L’hébreu supprimé la première consonne qui est maintenue en arabe comme dans « lev » au lieu de « qalb ». Il remplace par un Aleph le Quph dans Ani (au
pluriel anahnou) si l’on rappelle que le verbe être en arabe : kana. Mais l’arabe lui-même a son pronom sans Quph (Ana) Ajoutons que le ata/atem hébreu est en fait un Anta/Antum, ce qui a été conservés en arabe ( deuxiéme personne du singulier et du pluriel)
En passant on notera l’anomalie d’une finale en a pour le Ata
masculin alors que le At (deuxiéme personne au féminin)
correspond à un marqueur masculin.
Si l’on replace le Quph à la place du Aleph, on restitue le verbe être « Kana ». pour les premières et deuxiémes personnes du singulier et du pluriel. Quant à la troisiéme personne (Hou, hi, Hem, Hen), elle est à rapprocher du verbe être au passé : »haya » , hayou etc etc. (cf aussi le tétragramme, Iud Hé Vav Hé).
On, a vu plus haut que dans le Sefer Yetsira, le Qoph et le Aleph ont permuté, ce qui vient confirmer notre thèse selon laquelle, le Ani, Ata, Anahnou, Atem de l’hébreu (première et deuxiéme personnes du singulier et du pluriel) étaient anciennement des formes comemnçant par Quph, ce qui les relie au verbe être arabe.
Rappelons brièvement notre argumentation à propos de la
permutation du Qoph et du Alef. Les lettres mères du Sefer
Yetsira sont aleph, Mem et Shin (cf chapitre III du SY) censées correspondre aux
4 Eléments (et la Terre est ici mise de côté pour qu’il n’en reste plus que trois)
. Les quatre dernières lettres de
l’alphabet hébraïque sont Qoph, Resh, Shin, Thav. Les sept
lettres doubles du SY ( chapittre IV) sont B eith, Guimel, Daleth, Kaph,
Pé et Thav plus le Resh (qui grammaticalement n’est pas double
à la différence des six autres, pour arriver au 7 en analogie
avec les 7 astres (luminaires plus cinq planétes de Mercure
à Saturne) On notera que les dix Sefiroth qui sont un élément essentiel du SY
seraient à rapprocher des 3 lettres mères et des 7 lettres doubles, d’autant qu’elles se divisent
effectivement en trois plus sept. Le 22 serait simplement l’addition de 12 à 10, ce qui vient en correspondance avec les 12 signes
du zodiaque et les 12 tribus d’Israël (cf notre ouvrage Le Monde Juif et l’Astrologie. Histoire d’un vieux couple, Milan, Ed Arché, 1985)

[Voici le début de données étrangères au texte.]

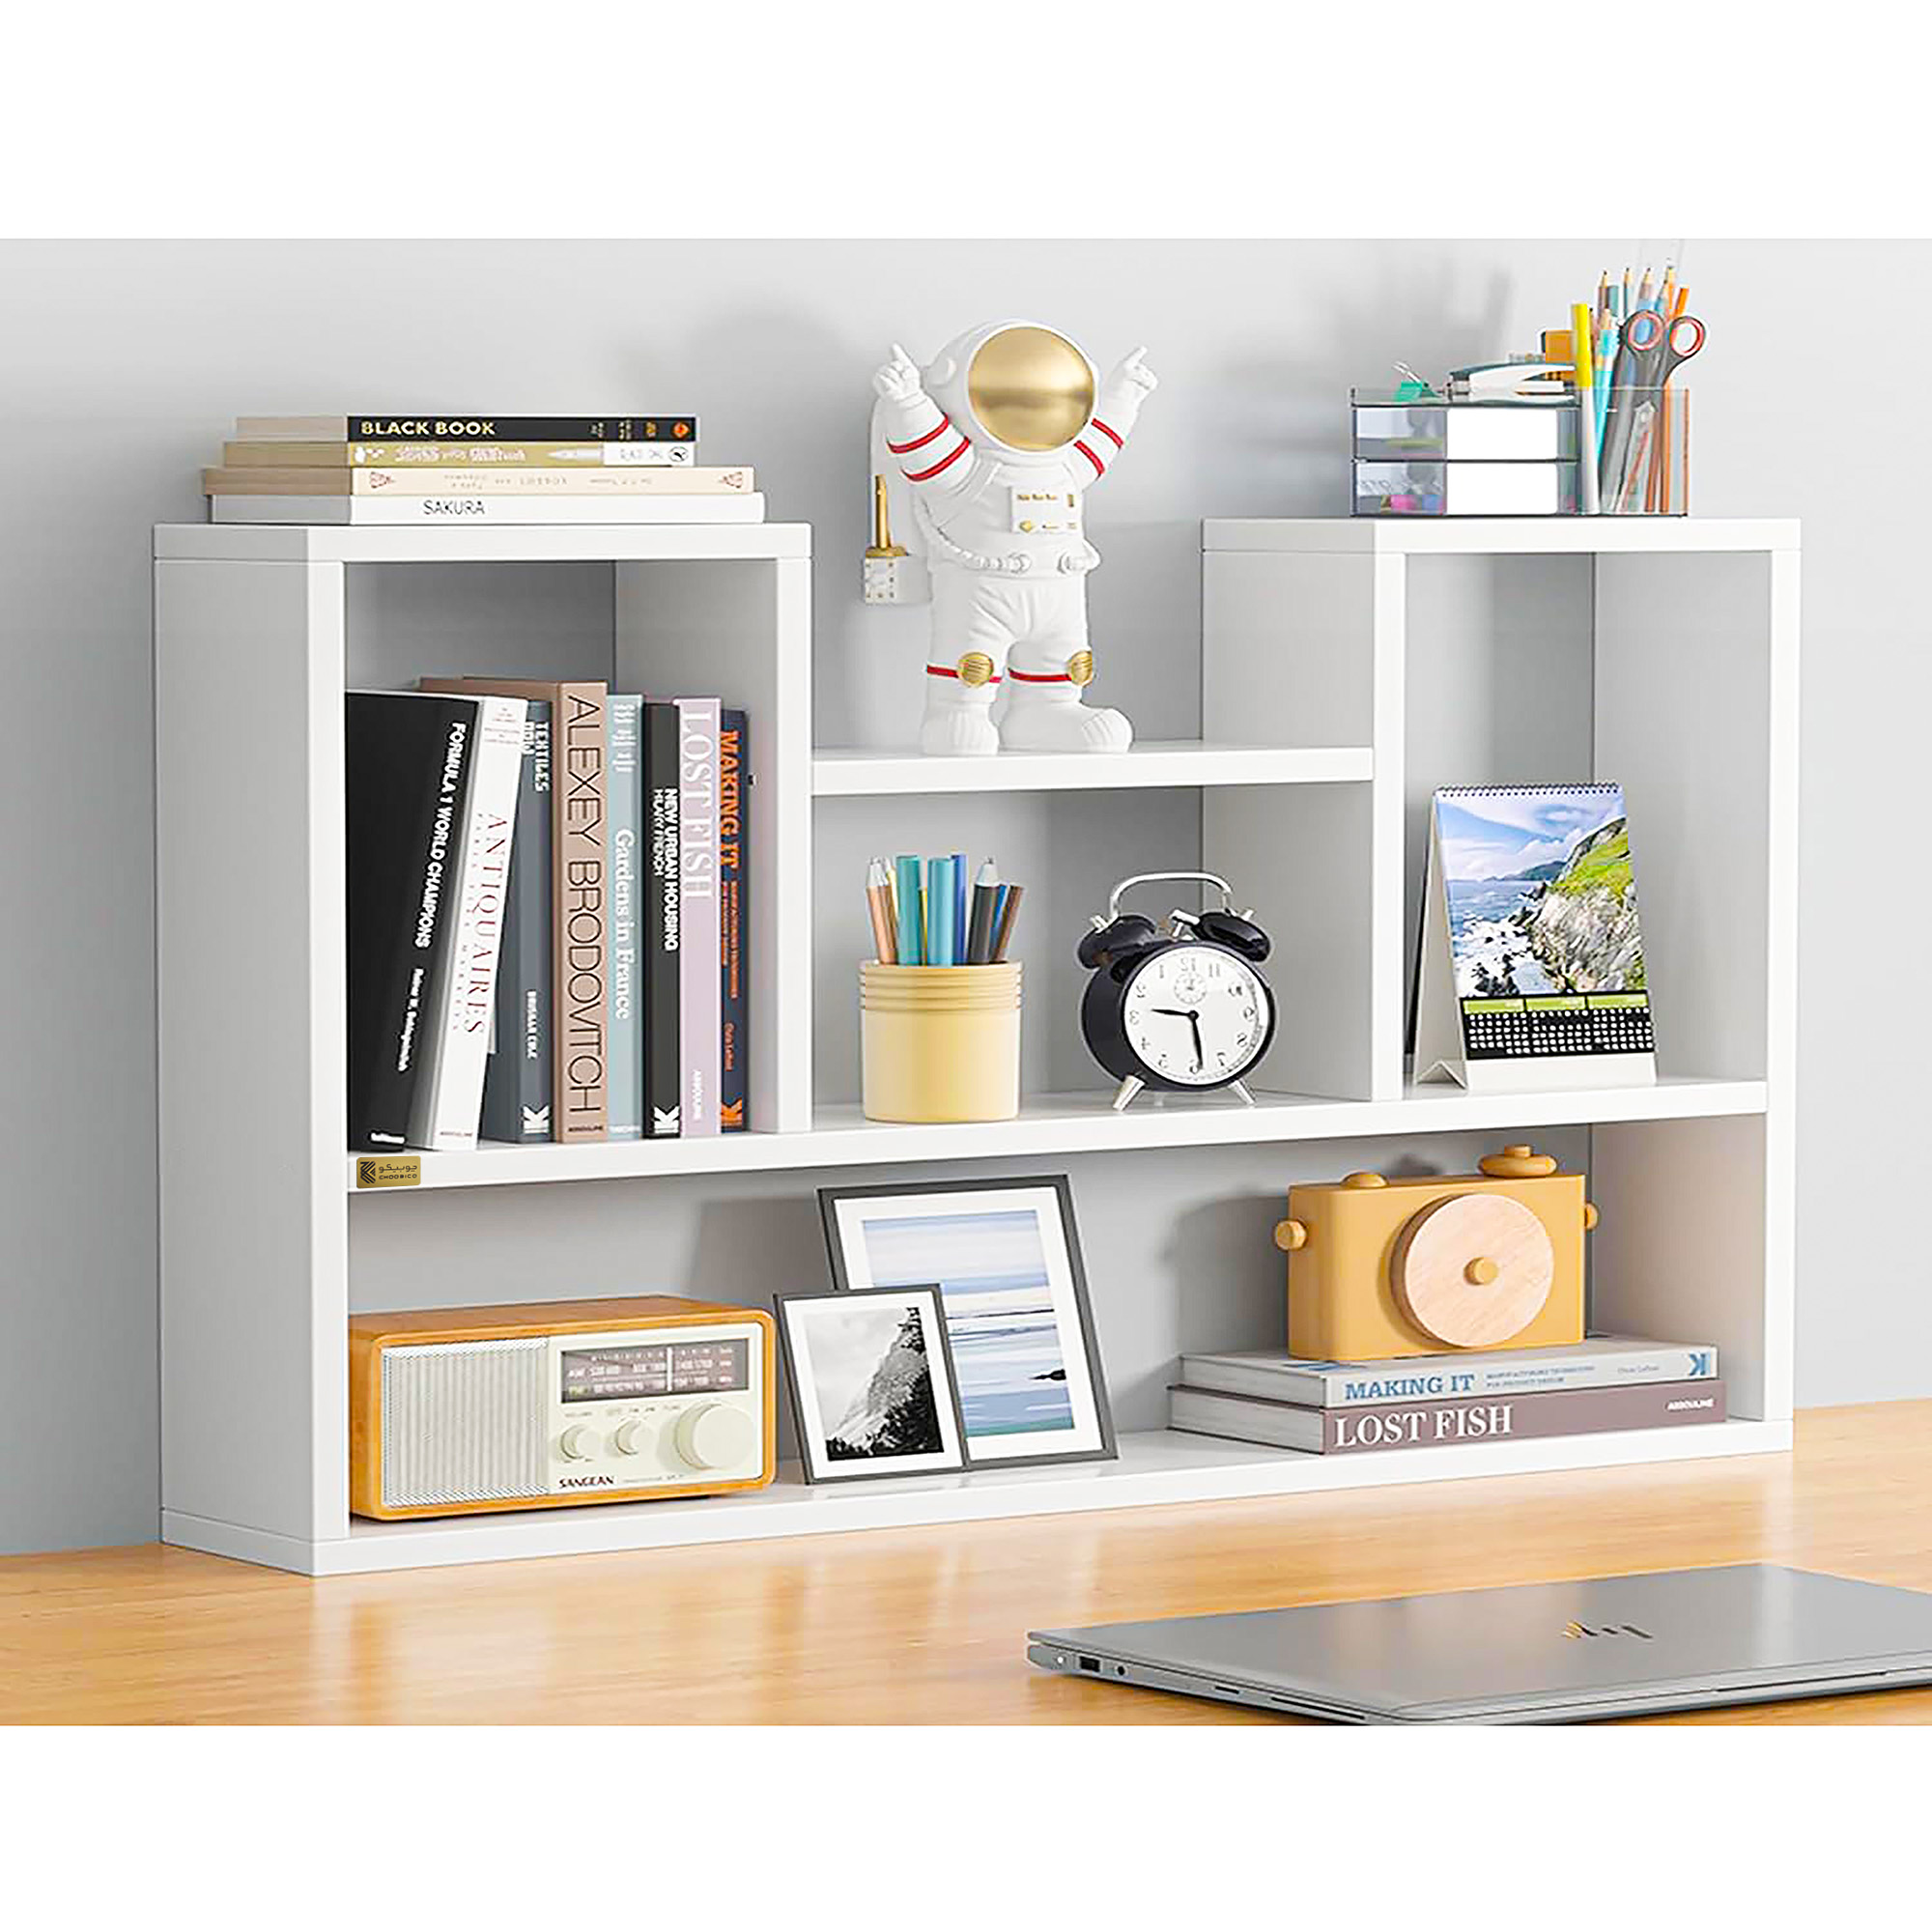 کتابخانه رومیزی چوبیکو مدل bookshelf400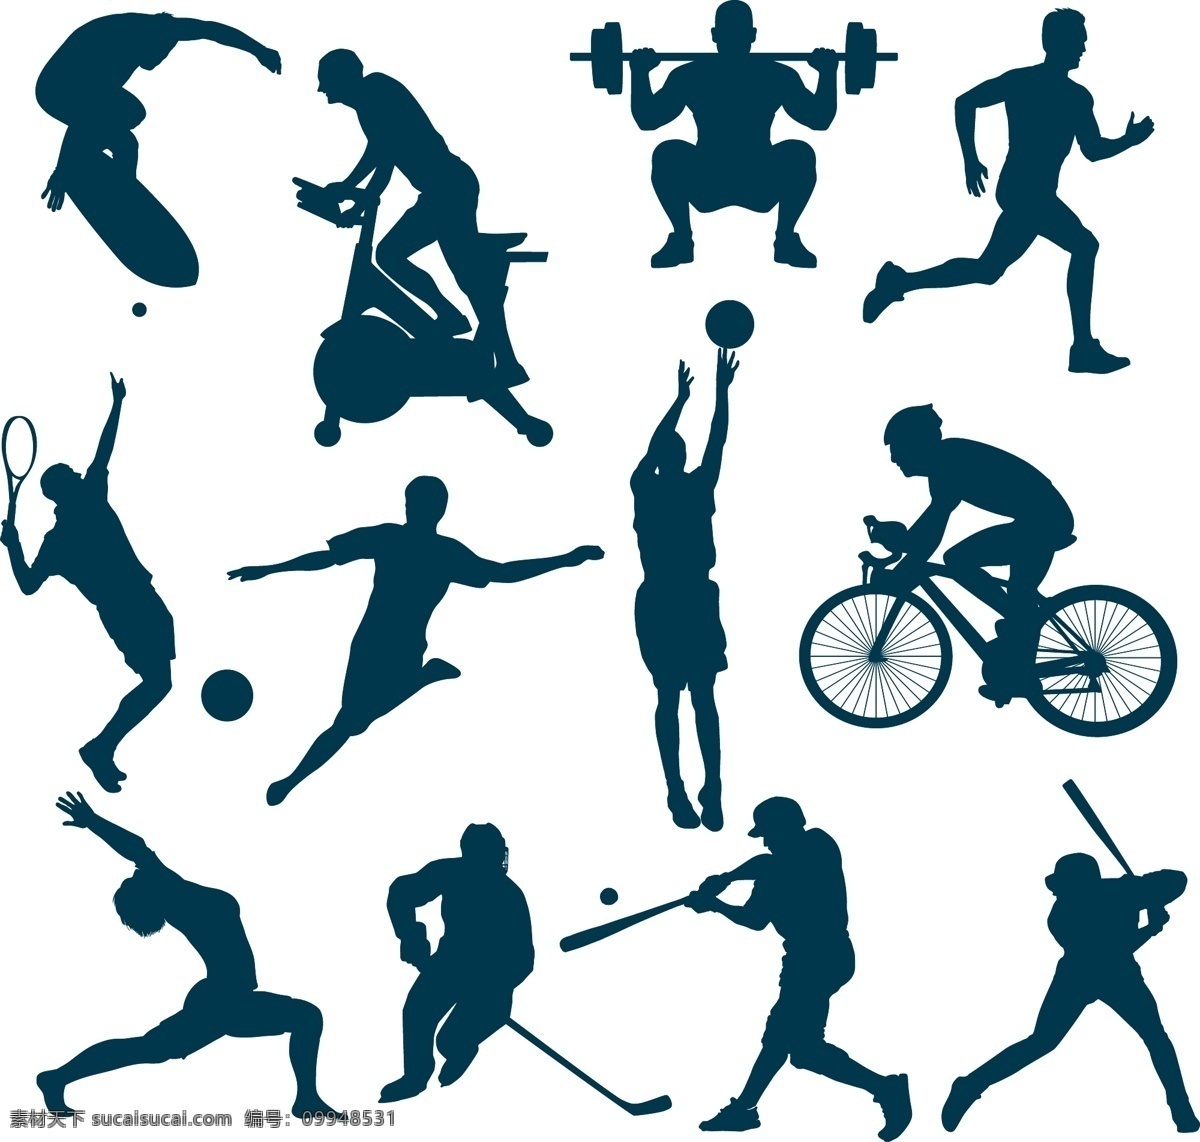 体育运动 奥运会 比赛 运动海报 运动比赛海报 运动员 户外运动 室内运动 运动俱乐部 卡通设计

Mais il est clair que le système était initialement construit sur le nombre pair, ce qui excluait le 7. Le carré devait être préféré au triangle. Au lieu de 4-6 on serait ainsi passé à 3-7. Mais rappelons les six jours de la création (Yetsira) auxquels fait suite un septiéme jour.(Shabbat) et l’on sait que chaque jour de la semaine est associé à un astre. Mais cela nous laisse un 3 au lieu d’un 4, ce qui n’est pas sans faire songer à la Trinité chrétienne.
Il semble que l’on puisse rapprocher la dixième sephira Malkhouth de Kether, ce qui restitue le rapport 4/6/ puisque Kether signifie en hébreu couronne et Malkhouth, royauté. Et yesod, la neuviéme deviendrait la dernière. Or Yesod signifie la base, le fondement, en quelque sorte le tronc de l »arbre séfirotique/
Nous avions développé (cf nos Mathématiques Divinatoires, op. cit) un « tarot sefirotique » (cf aussi article in revue Autre Monde en 77.778) en isolant 10 arcanes majeurs sur les 22 (Diable, Chariot, Hermite, Roue de fortune etc) formant 5 groupes de 2 totalisant 22.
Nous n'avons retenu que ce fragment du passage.